The Hunger Games

Year: 2012
Studio: Lionsgate
Director: Gary Ross
Writer: Gary Ross/Suzanne Collins/Billy Ray
Cast: Jennifer Lawrence, Wes Bentley, Stanley Tucci, Josh Hutcherson, Liam Hemsworth, Elizabeth Banks

By now the comparison to the Japanese cult classics is common knowledge all over popular culture, but before I'd heard anyone realise it ages ago I said to myself 'hold on, isn't this just Battle Royale for Twilight fans?'

It is indeed, proving that the plot of a group of kids killing each other off in an organised contest is still a big winner, and that pitching it tinged with a whiff of Twilight's flavour is a recipe for box office barnstorming.

Nothing about the film stands out enough to make it really succeed on its own merits, further proving the theory that the huge, tribal fanbase just wants to see how beloved characters and sequences would look in real life (the same sort of anticipation that drove Twilight to such heights). Nothing about the effects, thrills, acting, story or script is the best you've seen this year.

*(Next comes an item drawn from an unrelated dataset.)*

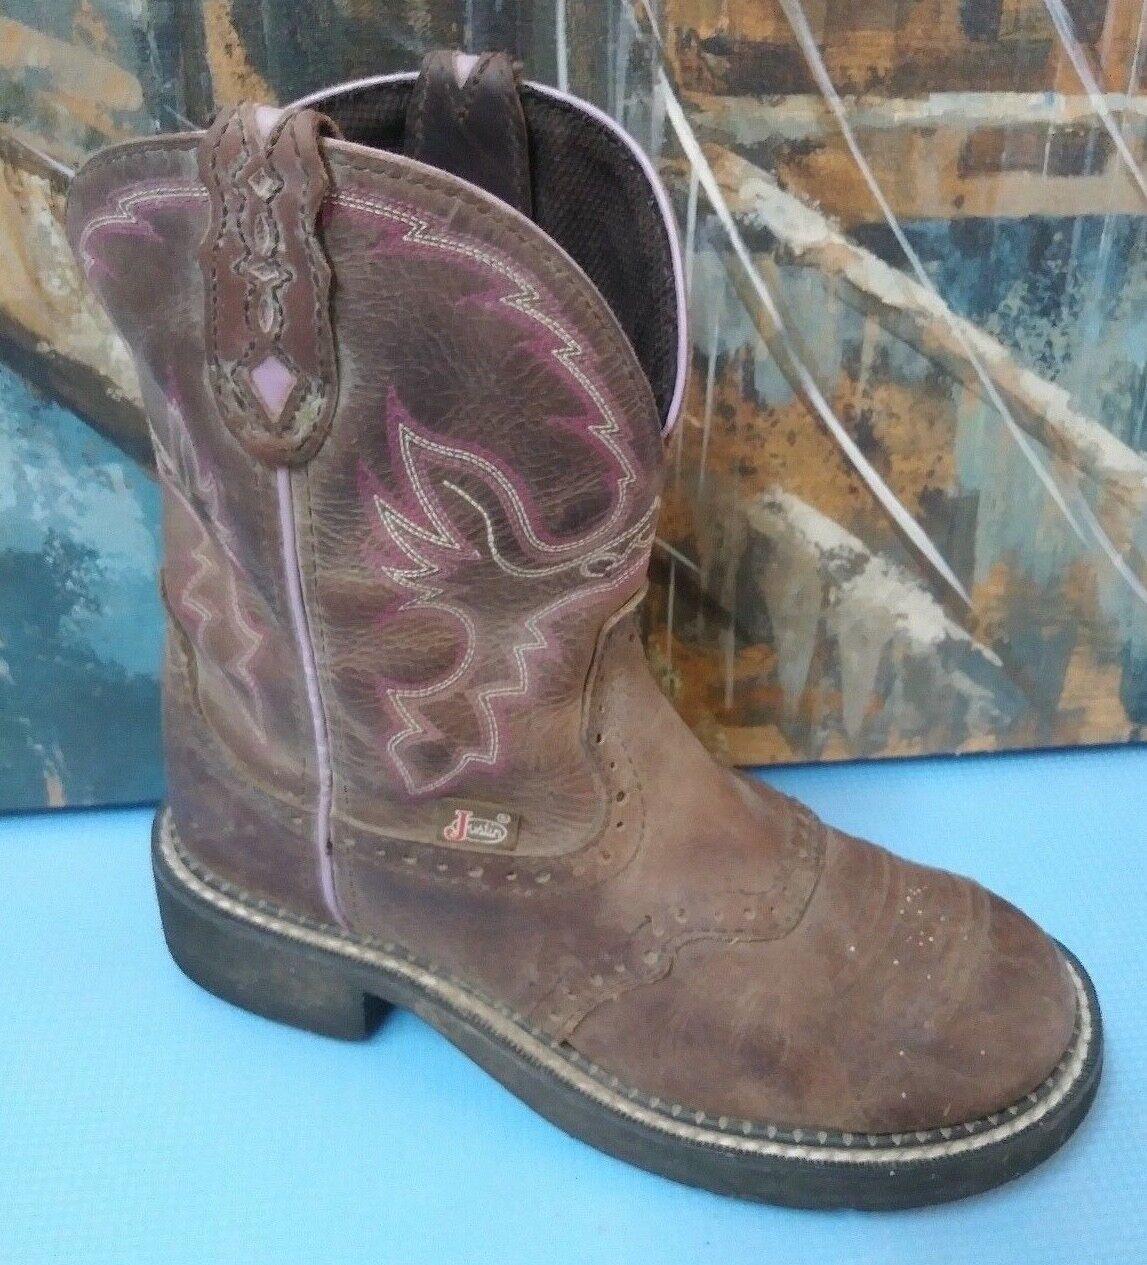 JUSTIN GYPSY 6.5 B L9903 Brown Purple T ROPER WESTERN COWBOY BOOTS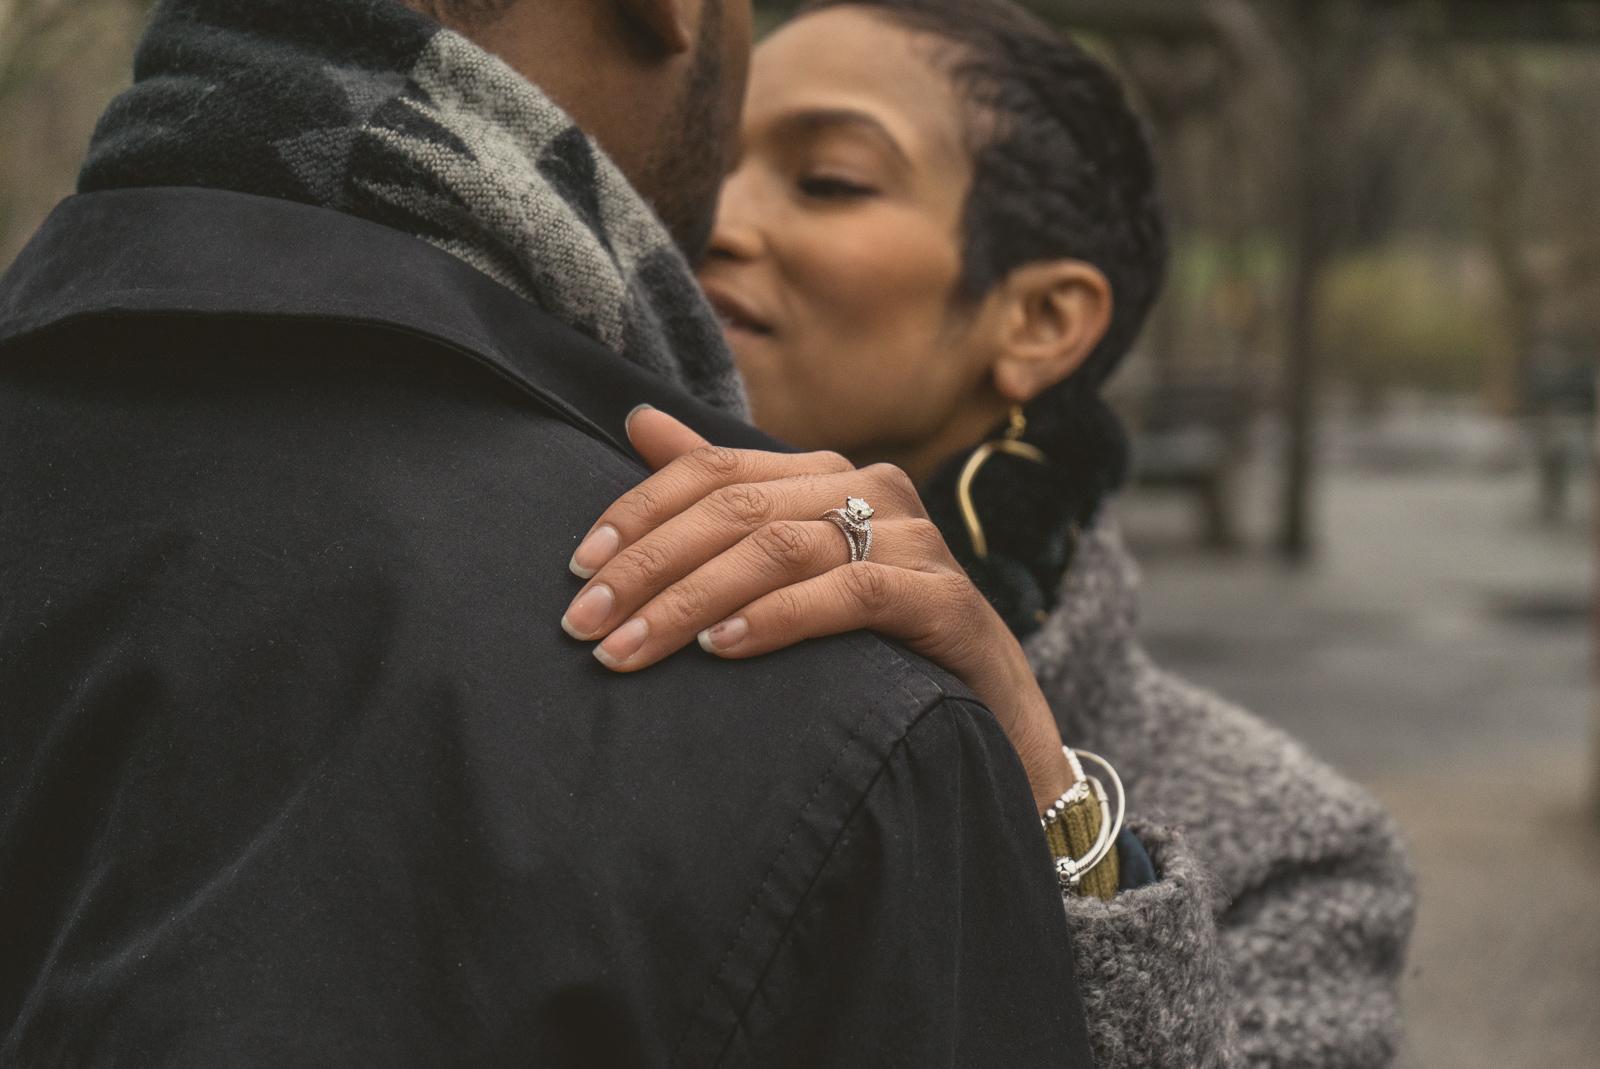 Photo 16 Pine Bank bridge Central Park Marriage Proposal   VladLeto

It's some sort of meta-future world that seems to be Earth a few centuries hence when the world (or at least America) is divided into districts under the oversight of a 1984-esque government that exists for the sake of its own power.

In a poor mining district, smart and tough Katniss (Lawrence, in the midst of a Fassbender-like rocket to fame) takes care of her fractured family but is horrified when she's selected to take part in the titular contest. It's never really made clear why they pit two kids from each of the 12 districts against each other in a fight to the death, other than that it seems to be their version of the Olympics.

Taken out of the mire of poverty she's trained and treated like a queen in the huge, glitzy capital she's only ever dreamed about, but it doesn't last and soon she's in battle.

Alliances and warring factions form among the kids, and the most surprising thing about the actual fight is how low stakes it all feels – for a story about 24 children between 12 and 18 trying to kill each other it's pretty tame. That sounds like a criticism, but it's actually clever about entertaining the target audience without resorting to the excessive bloodshed the premise would seem to call for.

The only real letdown is the ending. I know there are other books and by the time the first weekend of release was over more films were a given, but I expected some grand Smash The State gesture of defiance by Katniss – the whole subtext of the film is that the government doesn't own us.

Instead, she lets them display her like a side of sirloin in the whole spectacle, the evil President (Sutherland) of the land turning and striding up the stairs, seemingly upset at something as the film ends. Even a To Be Continued would have said something.